**RECORDS FOR THIS TASK**

--

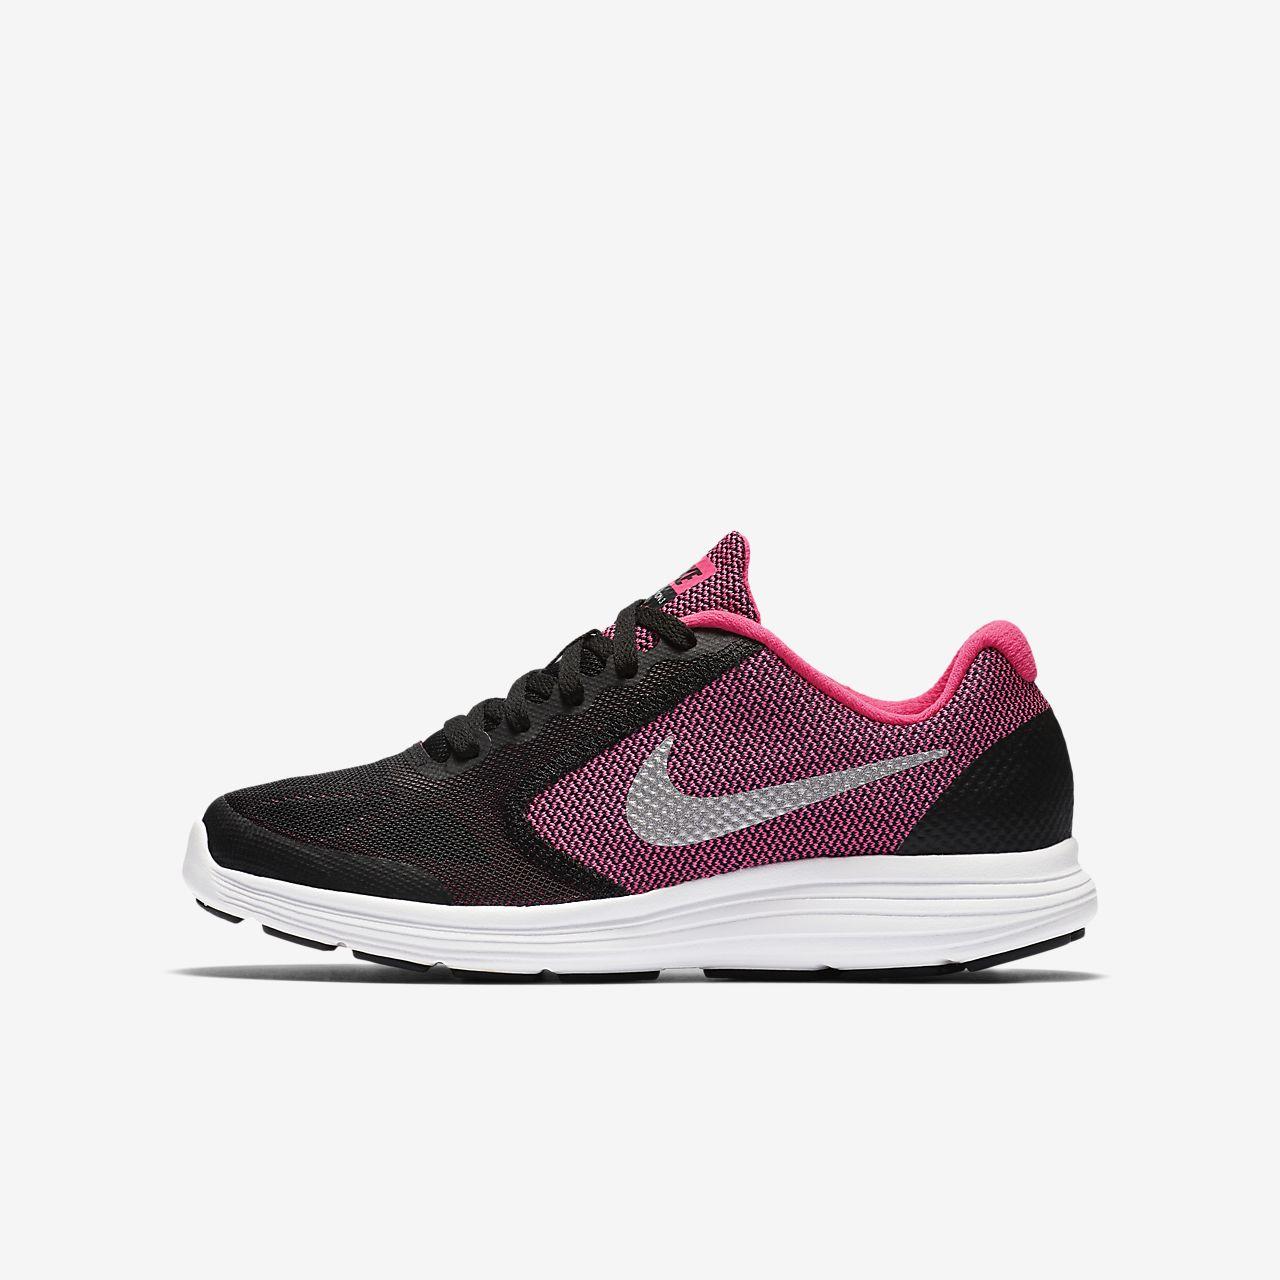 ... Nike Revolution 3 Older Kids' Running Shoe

--

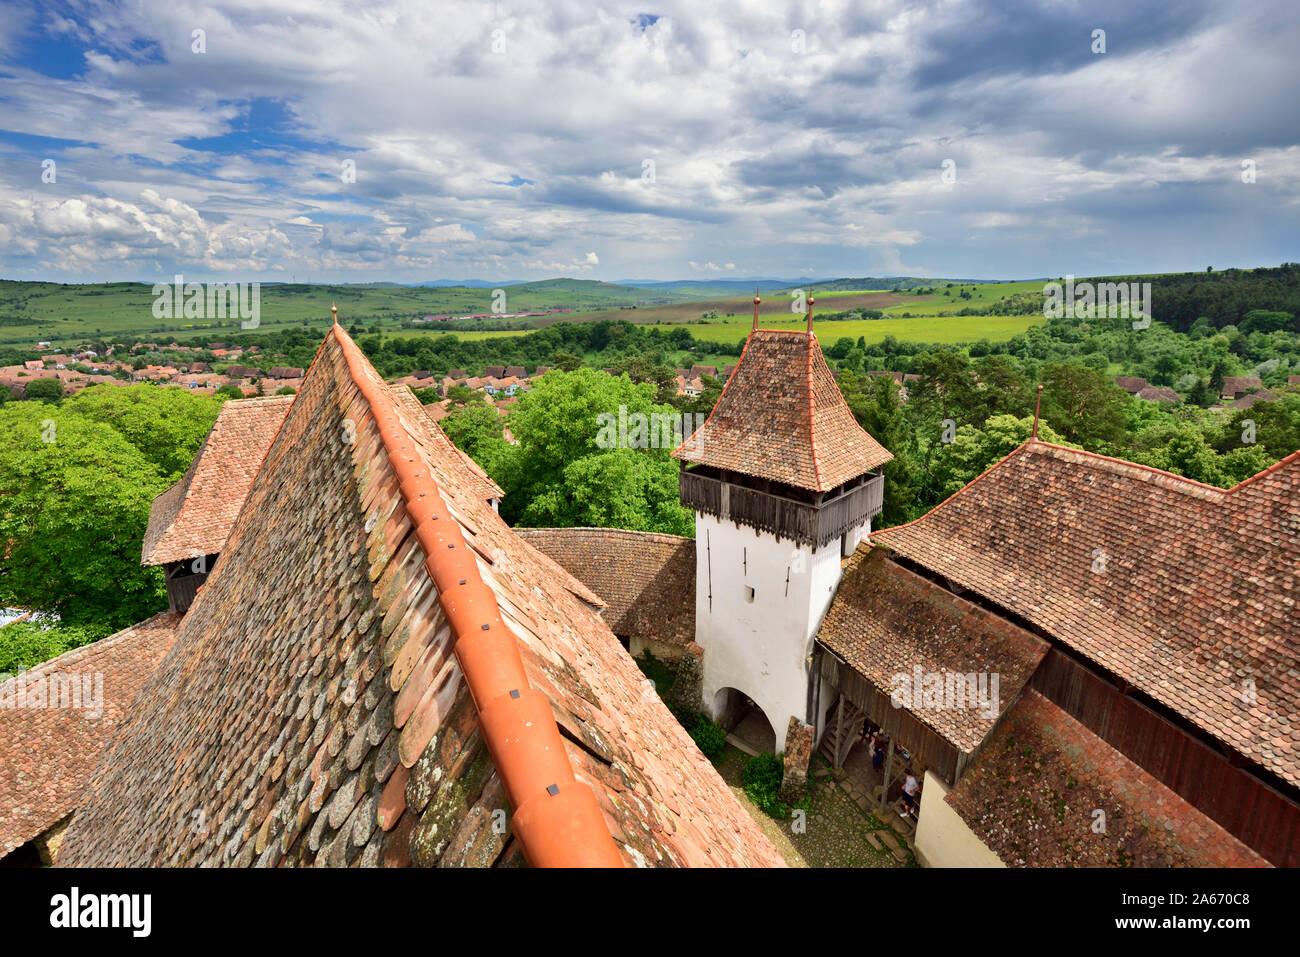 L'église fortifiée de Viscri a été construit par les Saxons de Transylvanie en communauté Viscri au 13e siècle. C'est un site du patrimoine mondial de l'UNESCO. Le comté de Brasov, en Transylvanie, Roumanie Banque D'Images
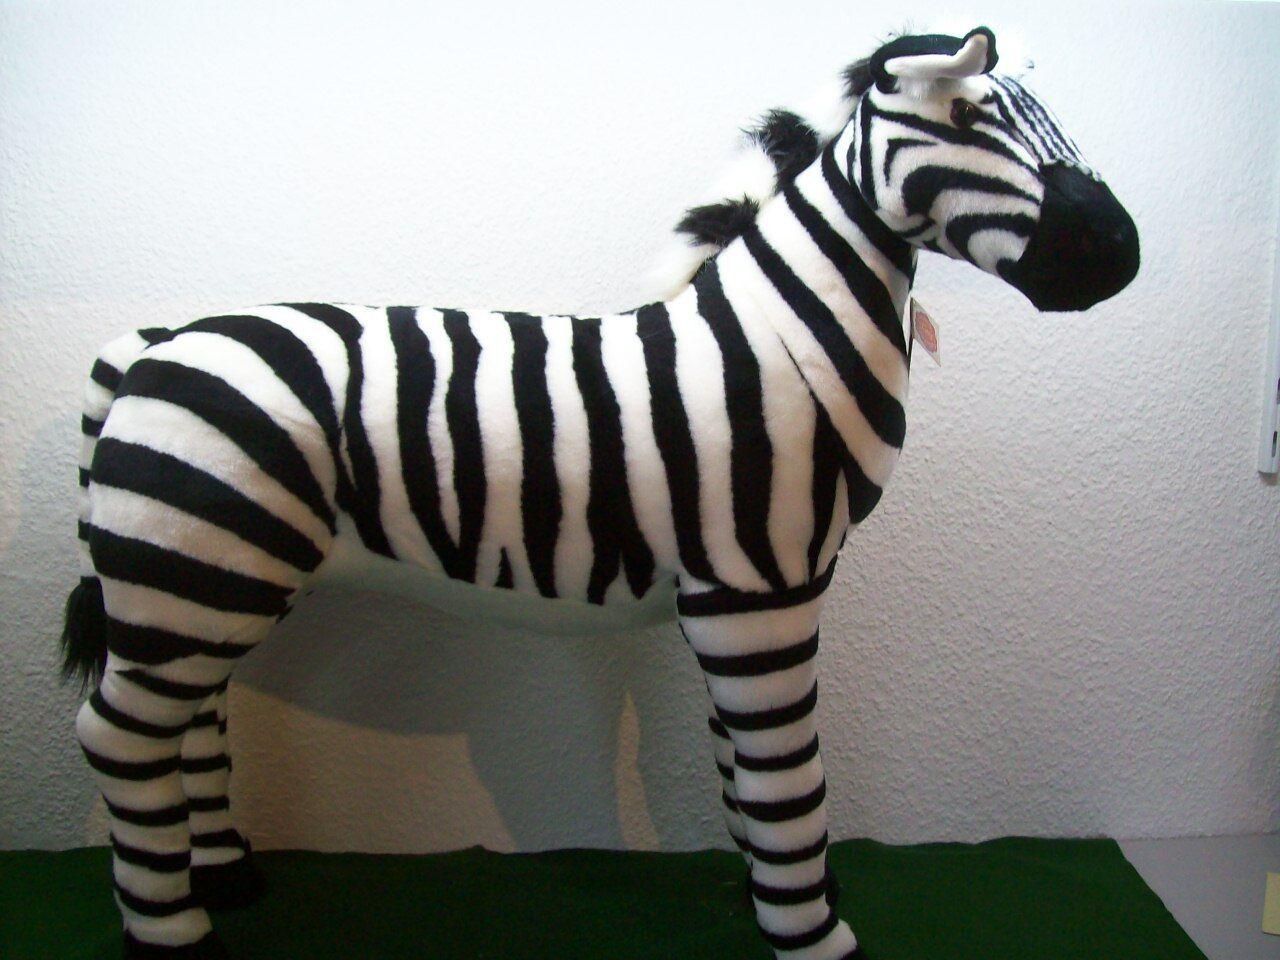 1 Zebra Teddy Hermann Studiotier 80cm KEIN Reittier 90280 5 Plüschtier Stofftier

--

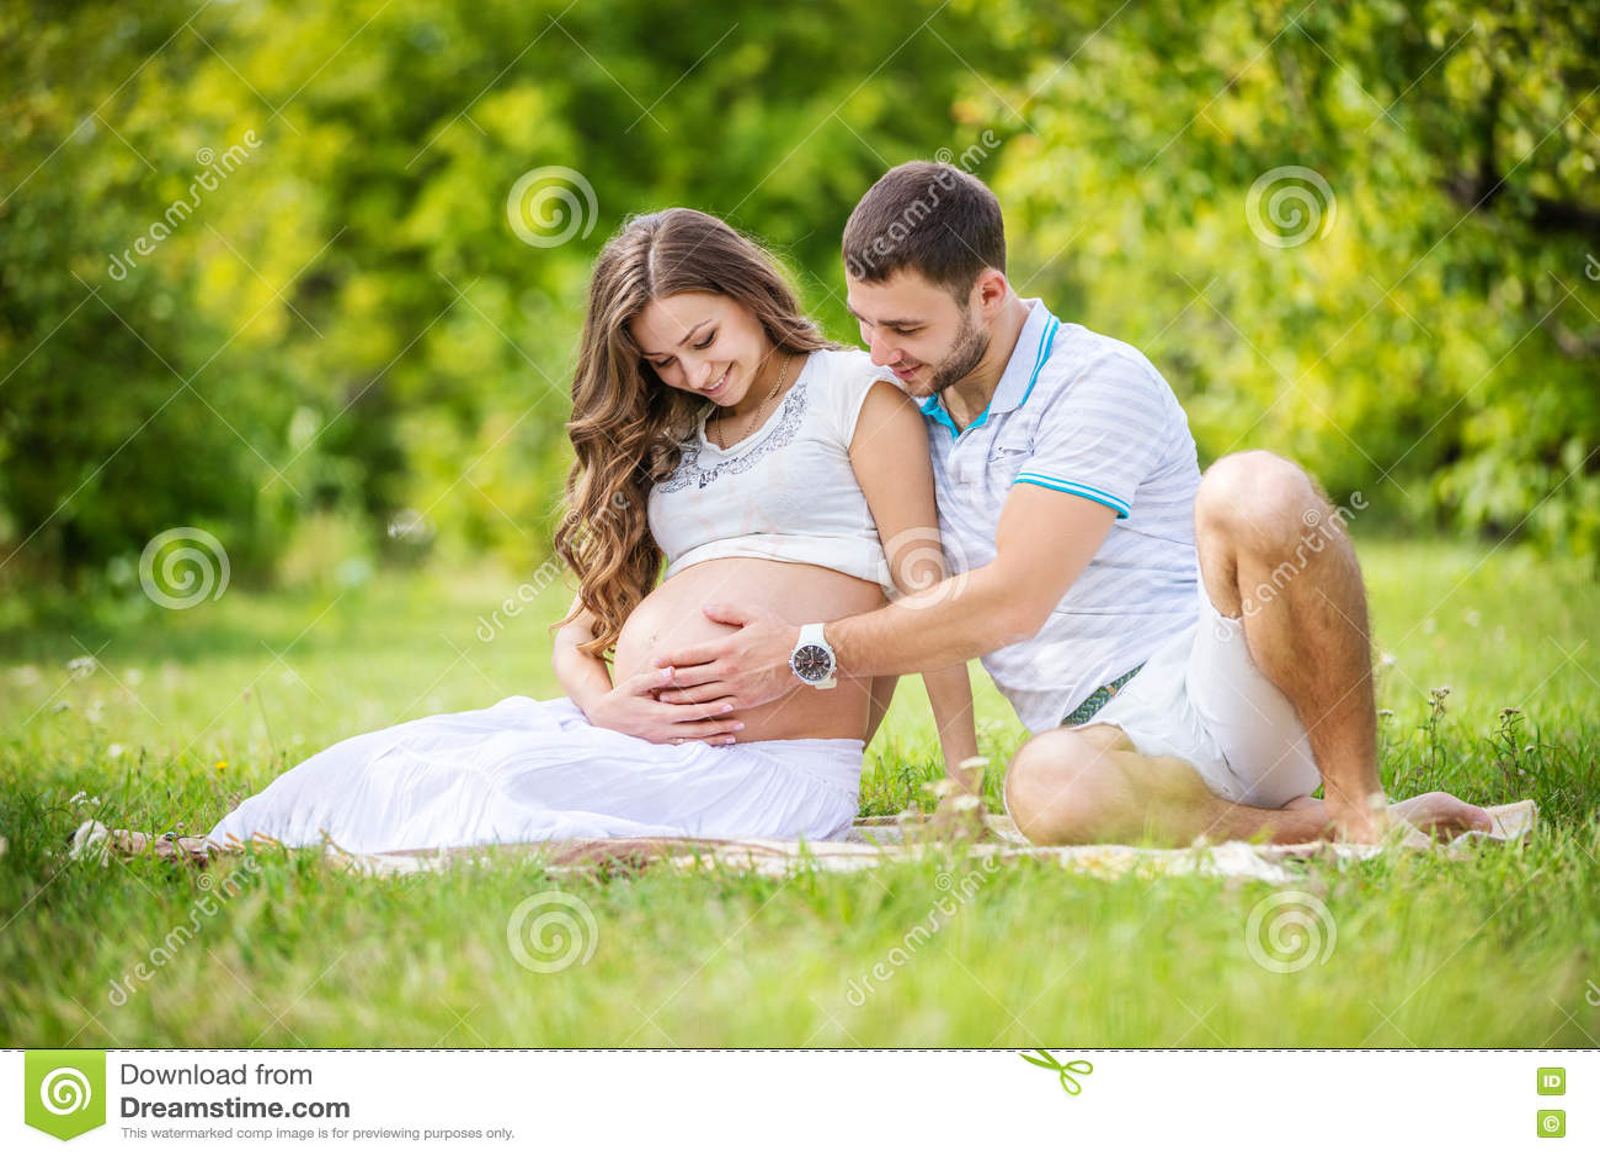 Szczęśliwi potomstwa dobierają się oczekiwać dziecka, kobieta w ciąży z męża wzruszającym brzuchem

--

**PROBLEM**
Output exactly those lines of the data above that run from the line with "L'église fortifiée de" up to and including the line with "1 Zebra Teddy". No pictures go in.

**TASK ANSWER**
 L'église fortifiée de Viscri a été construit par les Saxons de Transylvanie en communauté Viscri au 13e siècle. C'est un site du patrimoine mondial de l'UNESCO. Le comté de Brasov, en Transylvanie, Roumanie Banque D'Images
 1 Zebra Teddy Hermann Studiotier 80cm KEIN Reittier 90280 5 Plüschtier Stofftier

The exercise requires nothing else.